2.2.4 Units. A unit corresponds to a component associated with a specific perspective. A unit is characterized by a name (its identifier) and a body. Bodies of units are the place where the actual content of an HDM application is filled in. "Ouverture/sound", "Ouverture/score" (of the entity "La Traviata"), "Article l/Official Text", "Article 1/Annotated Text" (of the entity "Law 19/8/89"), "assembly instruction/Italian-text", "assembly instruction/ English-text", "assembly instruction/Italian-graphics", "assembly instruction/English-graphics" (of the entity "Electric Engine"), are examples of units.

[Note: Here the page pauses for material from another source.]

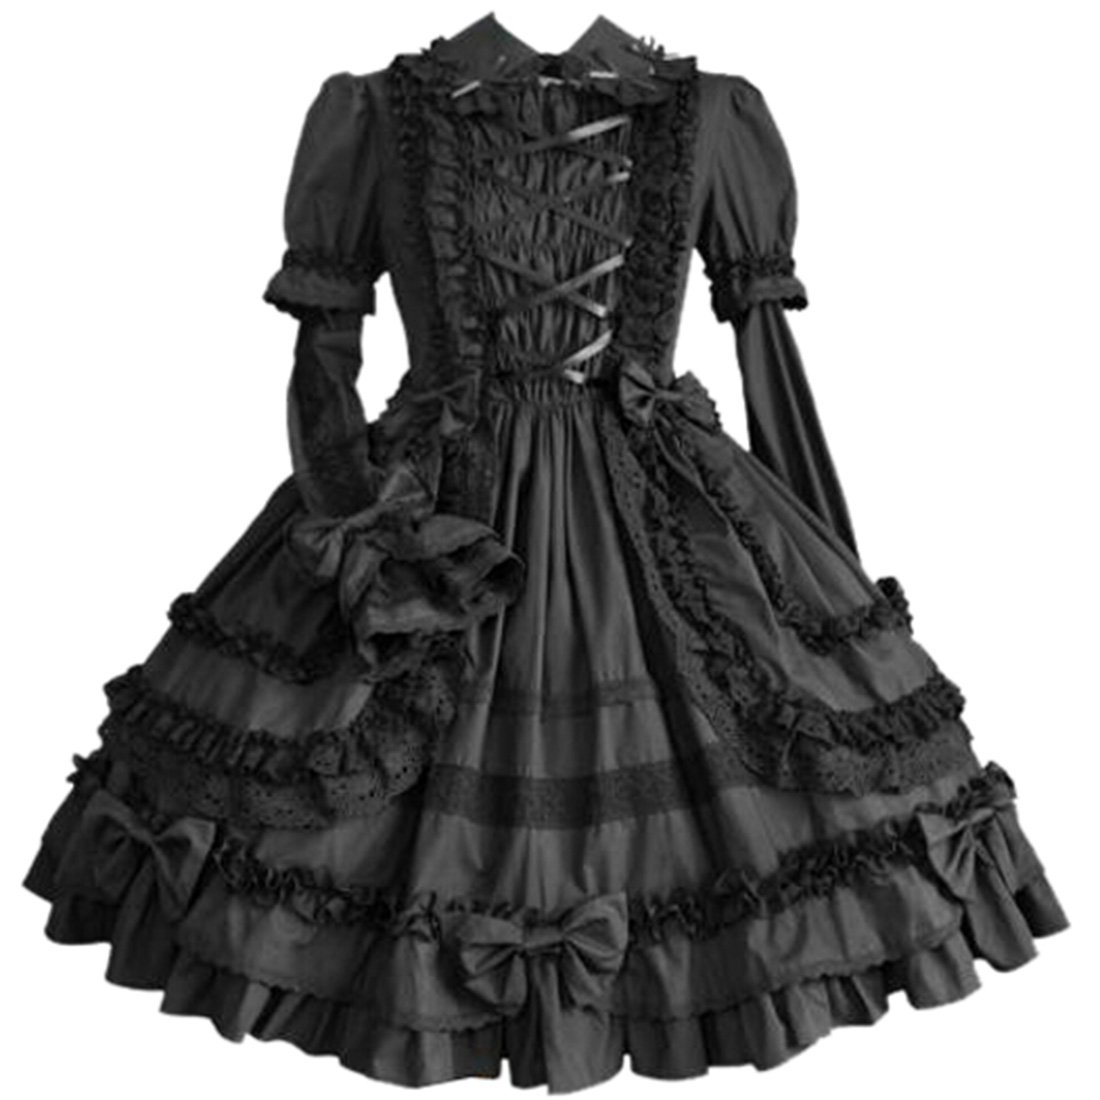 Partiss Women Long Sleeve Multi Layer Sweet Lolita Gothic Lolita Dress, XS, Black by Partiss (Image #1)

If the reader tries to relate HDM units to traditional hypertext notions, units, roughly speaking, may be thought as corresponding to the standard notions of "nodes". This correspondence is not completely true; for example, units can be created only in the proper context (of components and entities, under the proper perspectives), and arbitrary nodes are not allowed in HDM.
Filling in a body, corresponds to authoring-in-the-small (in our terminology), which is purposefully outside the scope of HDM. Therefore HDM units are the border-line between authoring-in-the-large and authoring-in-the-small: identifying the units and putting them in the proper context belongs to authoring-in-the-large; filling the bodies of units with actual content is authoring-in-the-small.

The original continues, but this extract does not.